▶

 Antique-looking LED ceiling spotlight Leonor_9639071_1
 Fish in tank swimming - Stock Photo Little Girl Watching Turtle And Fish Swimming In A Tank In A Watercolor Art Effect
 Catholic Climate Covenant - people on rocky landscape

◀

With nothing left out, copy the data above exactly.

Finished exercise:
 Antique-looking LED ceiling spotlight Leonor_9639071_1
 Fish in tank swimming - Stock Photo Little Girl Watching Turtle And Fish Swimming In A Tank In A Watercolor Art Effect
 Catholic Climate Covenant - people on rocky landscape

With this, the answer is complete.